Немалая проблема возникла и в связи с гибелью Линкольна. После его смерти конгрессмены отвергли президентскую программу реконструкции и заявили о неправомочности президента принимать столь важные решения без ведома и согласия Конгресса. Теперь большие надежды возлагались на нового главу исполнительной власти – Эндрю Джонсона. Предполагалось, что он поставит более жесткие условия реинтеграции южных штатов. К сожалению, приходится признать, что новому президенту не хватало ни политического такта Линкольна, ни его надежной команды, ни партийного авторитета. Да Джонсон и не пытался поладить с конгрессменами, он выказывал гораздо больше расположения к южанам, чем к собственным законодателям. В результате нация, и без того разобщенная секционными разногласиями, вынуждена была страдать от конфликта между президентом и Конгрессом.

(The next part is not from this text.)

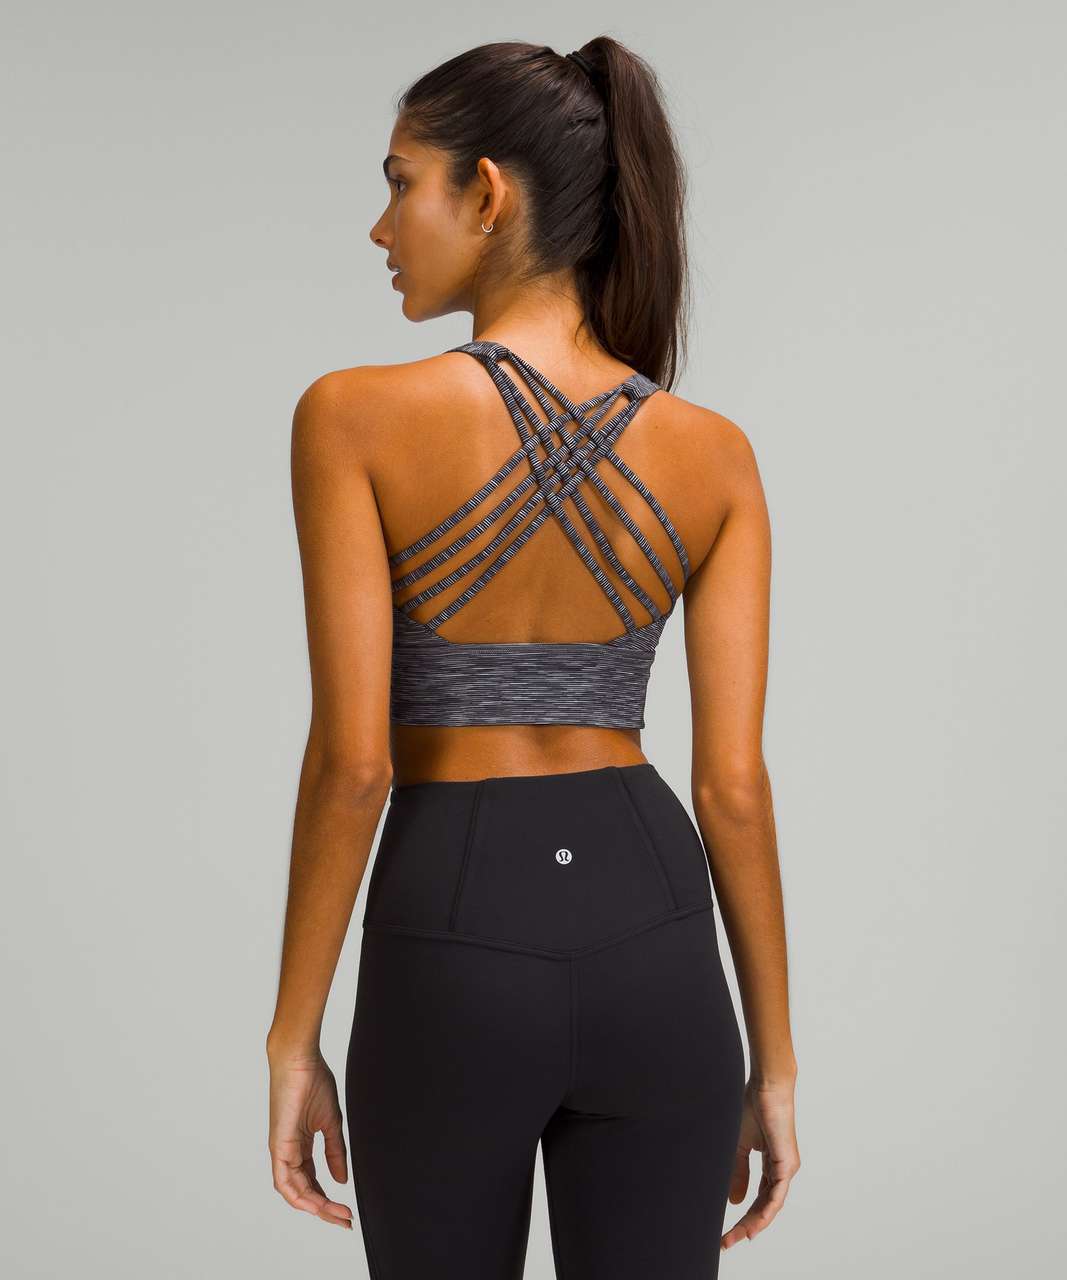 Lululemon Free to Be Longline Bra - Wild *Light Support, A/B Cup - Wee Are From Space Dark Carbon Ice Grey

Возможно, самым серьезным препятствием для быстрой и успешной реконструкции стал небывалый всплеск расизма. По словам историка Уильяма Жиллета, в этот период «большинство белых американцев были на сто процентов убеждены в превосходстве собственной расы». При подобном отношении любая попытка обеспечить гарантированные права чернокожих была обречена на провал. Белые рассматривали негров как представителей низшего порядка, которые в лучшем случае пока не готовы, а в худшем – и вовсе неспособны принимать полноценное участие в жизни страны. Минувшая война никак не связывалась в глазах белых северян с борьбой за освобождение чернокожих рабов, посему все попытки даровать неграм равные права наталкивались на непонимание и раздражение. Южане и вовсе рассматривали эту затею как прямой вызов своим принципам и традициям. Все чаще поговаривали о злонамеренном эксперименте северян, которые желают разрушить мир посредством черной власти. Когда стало ясно, что политические демарши бесполезны – Конгресс явно вознамерился довести борьбу за права негров до победного конца, – белые южане решили прибегнуть к тактике террора. В 1866 году возникла военизированная организация под названием Ку-клукс-клан, ставшая серьезной помехой на пути реконструкции.
Ку-клукс-клан: два члена Алабамского отделения организации (фотография 1868 г.)